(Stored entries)
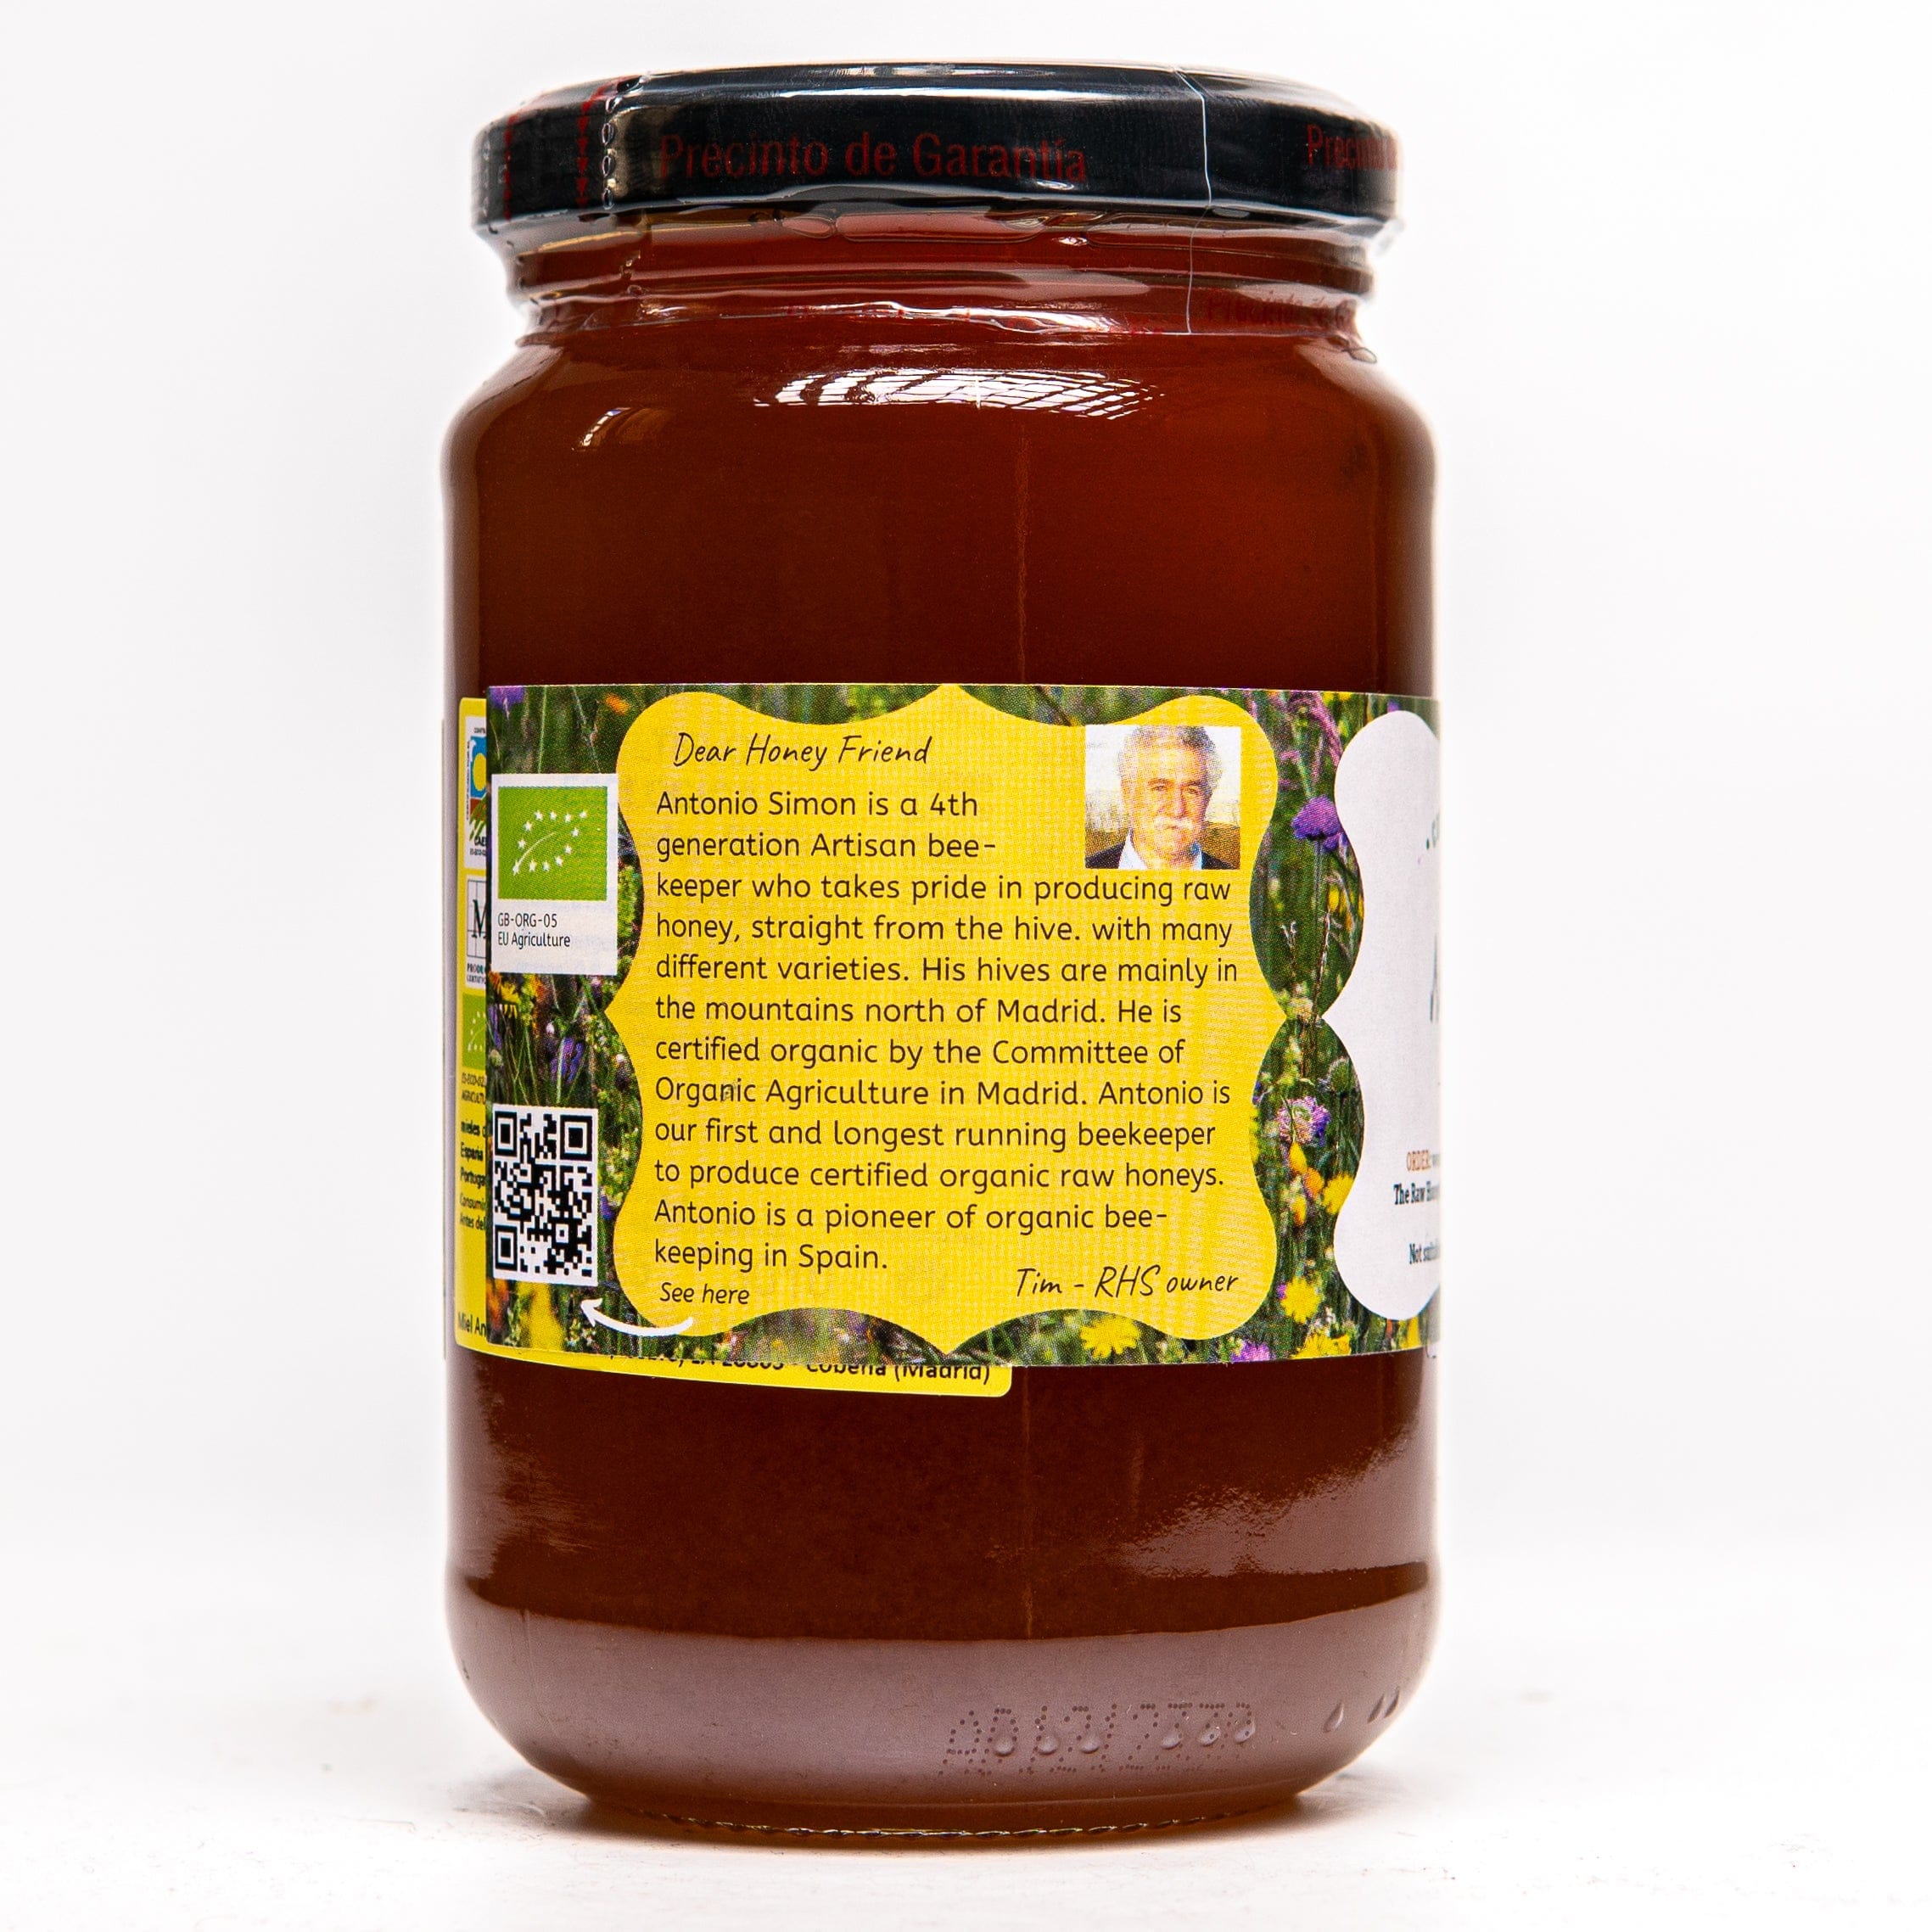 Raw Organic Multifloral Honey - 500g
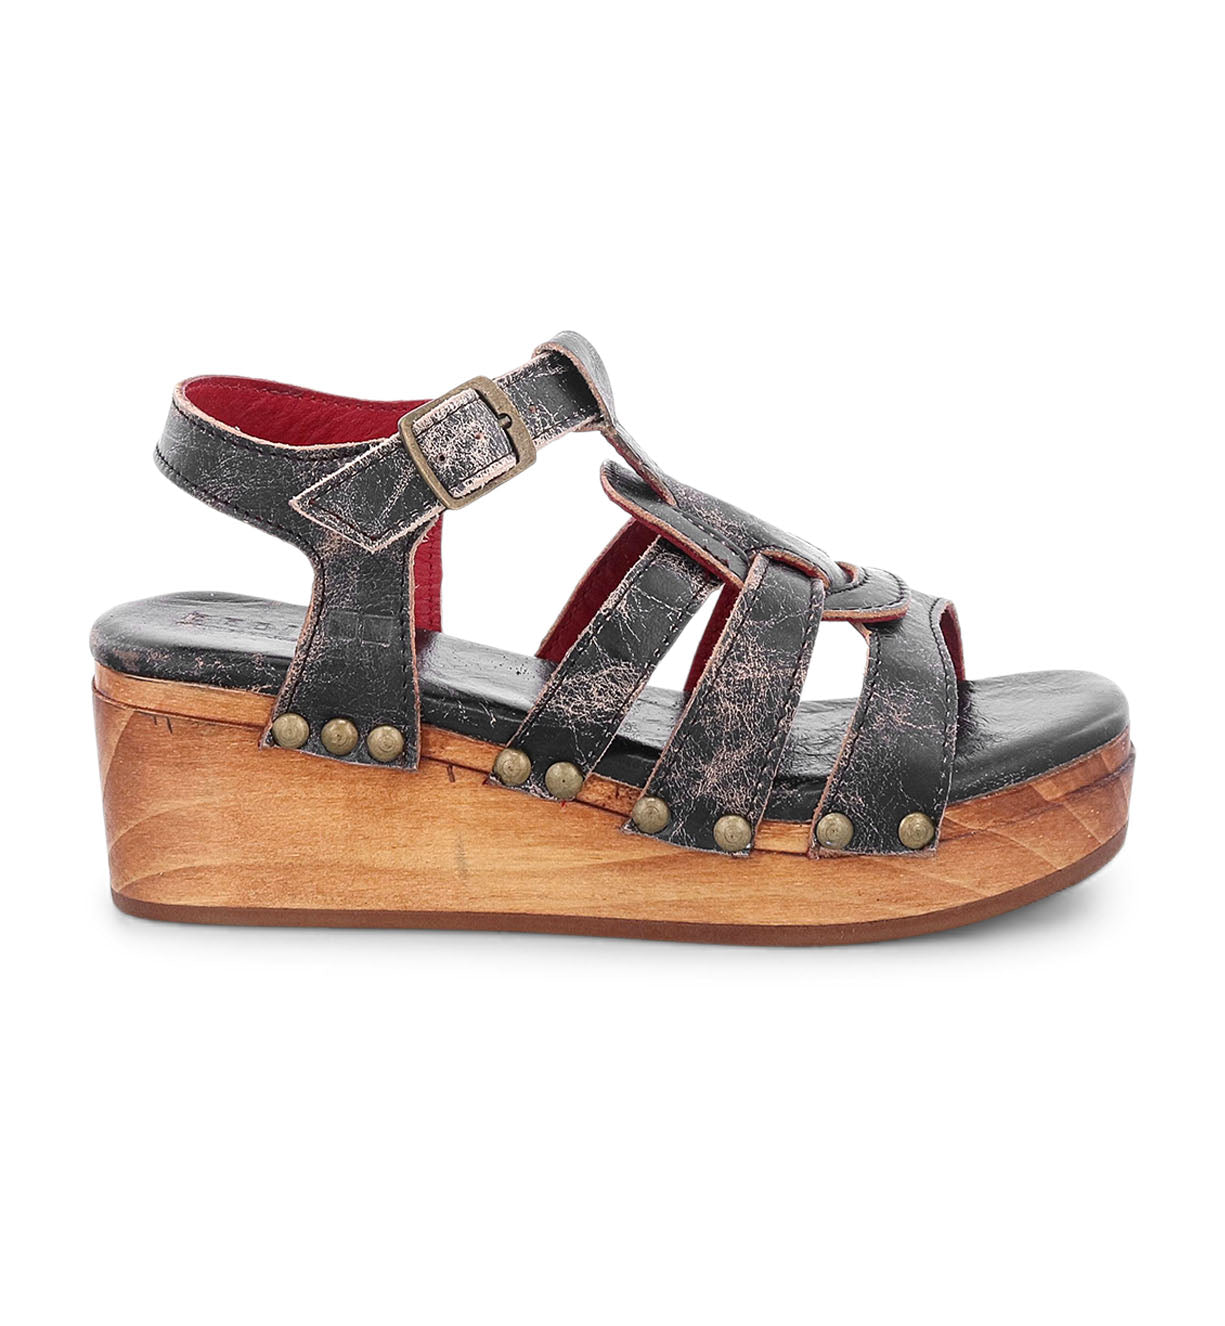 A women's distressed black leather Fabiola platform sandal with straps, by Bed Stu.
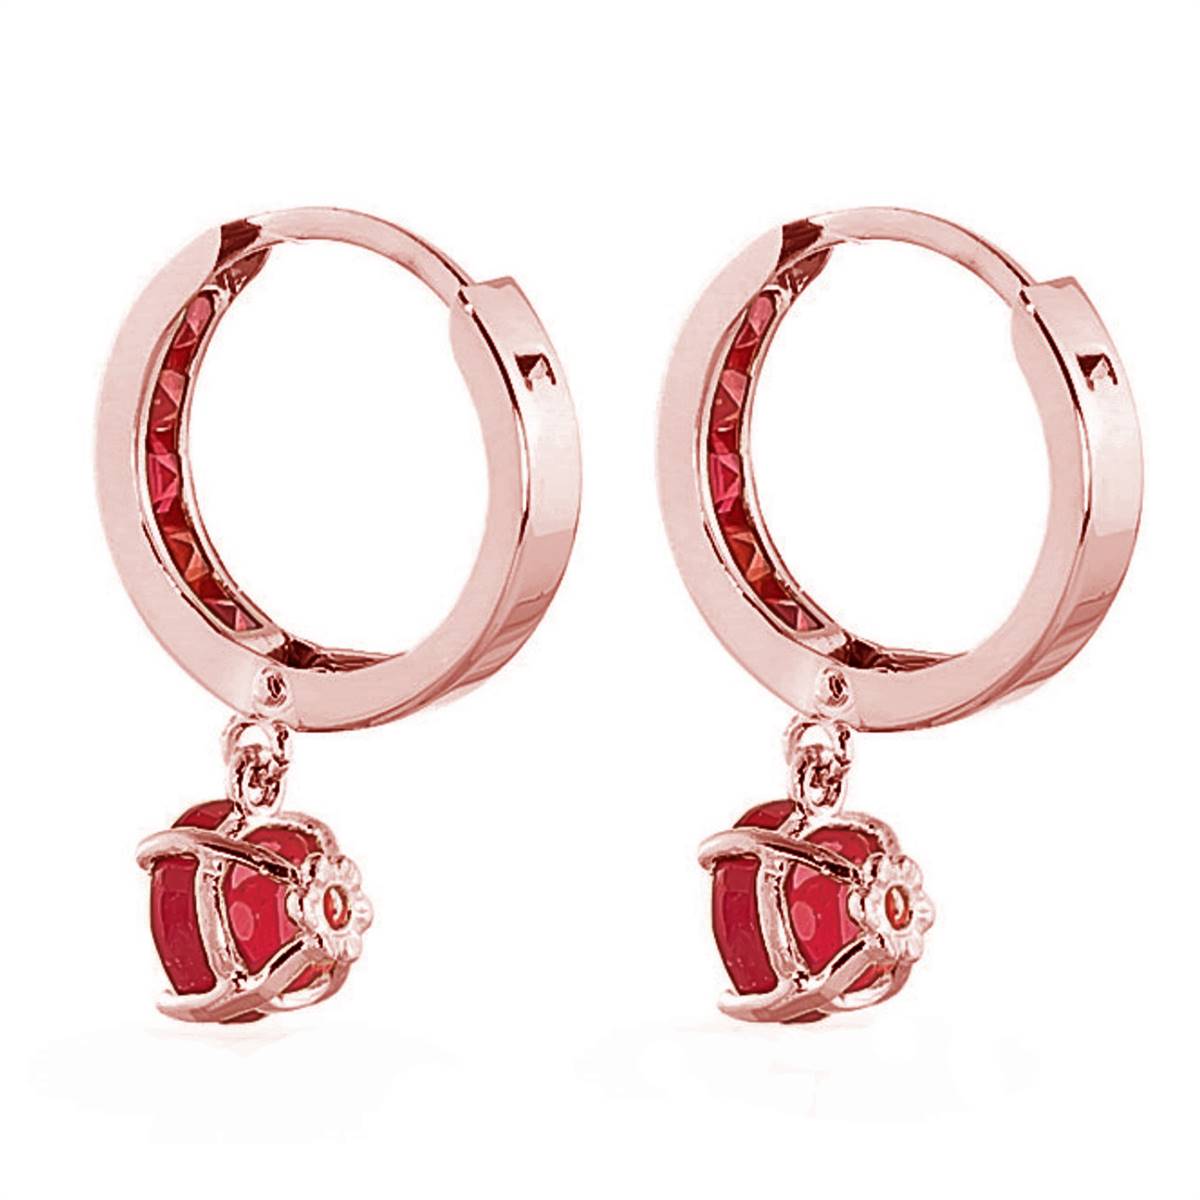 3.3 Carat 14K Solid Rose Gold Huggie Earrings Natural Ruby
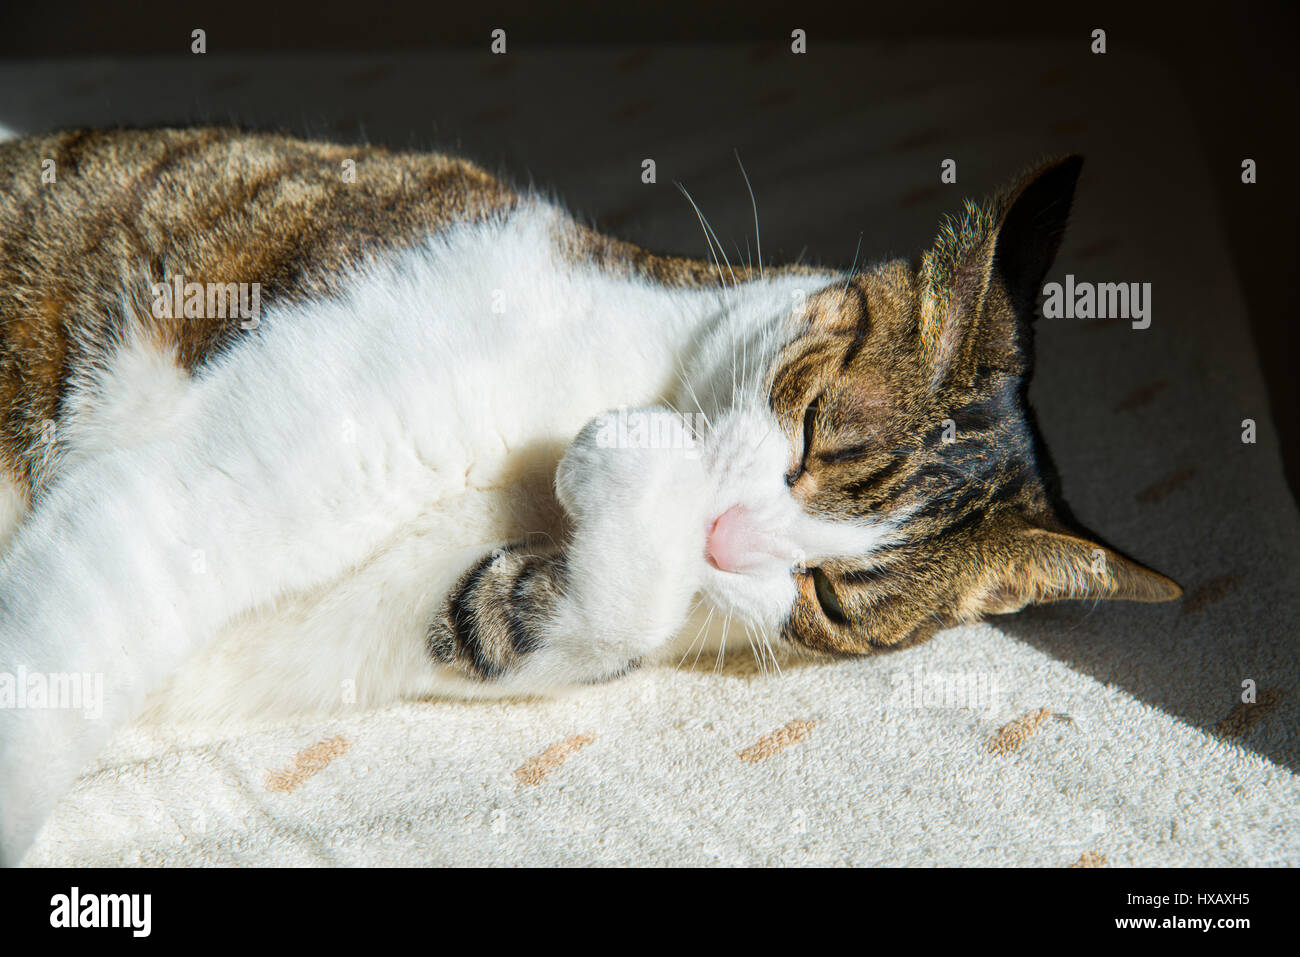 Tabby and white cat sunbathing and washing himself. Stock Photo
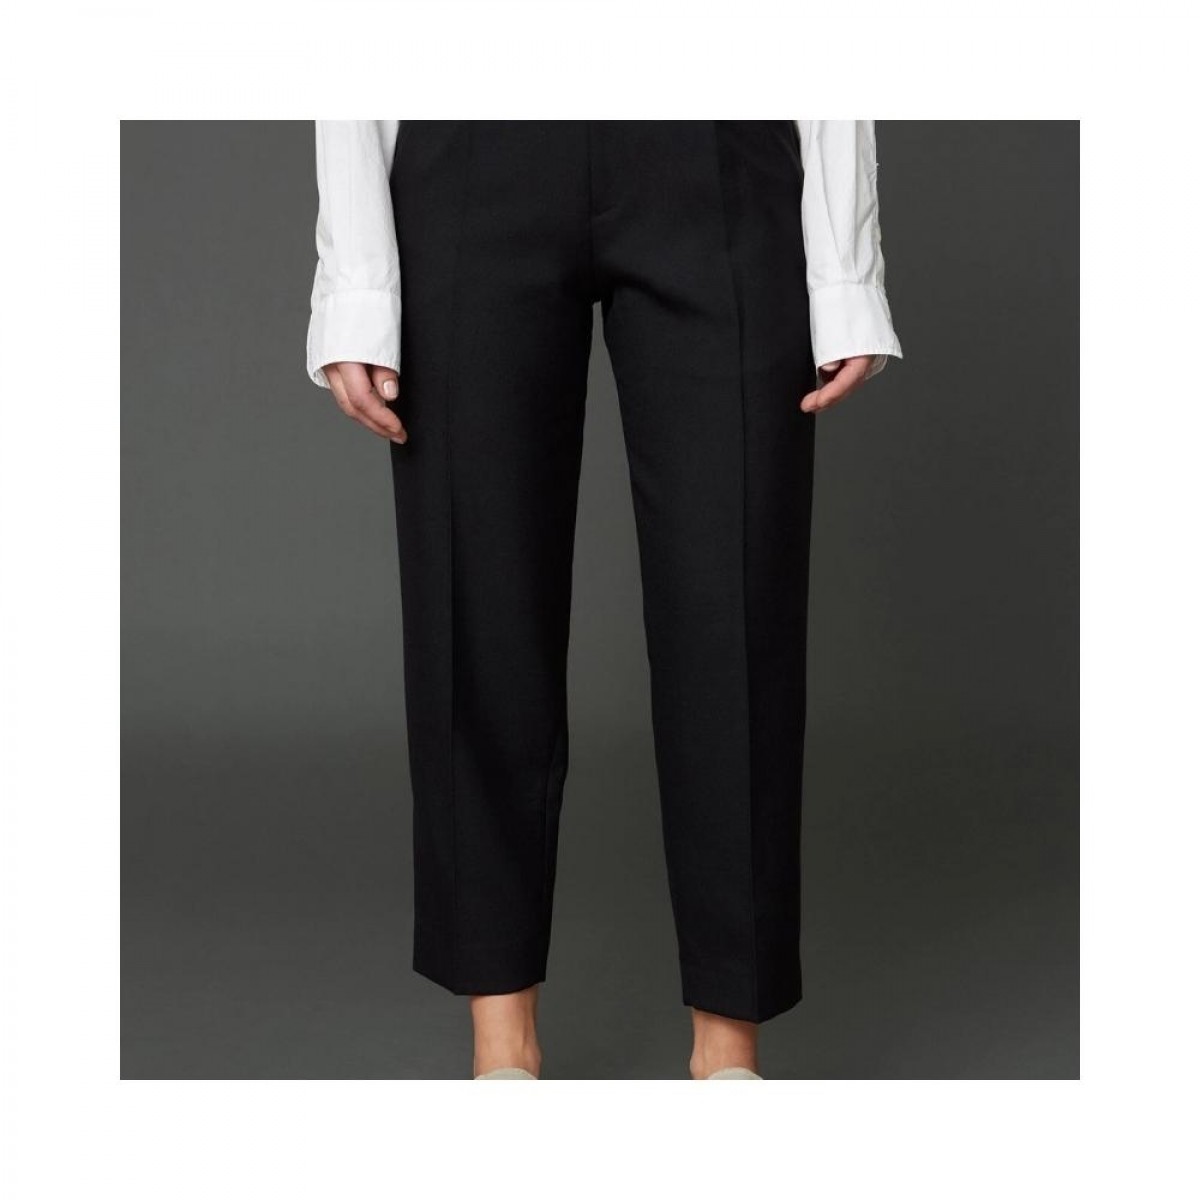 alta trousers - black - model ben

Exercise
Leave out the pictures and give the rest of the records again exactly.

Exercise result
 Raw Organic Multifloral Honey - 500g
 A women's distressed black leather Fabiola platform sandal with straps, by Bed Stu.
 3.3 Carat 14K Solid Rose Gold Huggie Earrings Natural Ruby
 Tabby and white cat sunbathing and washing himself. Stock Photo
 alta trousers - black - model ben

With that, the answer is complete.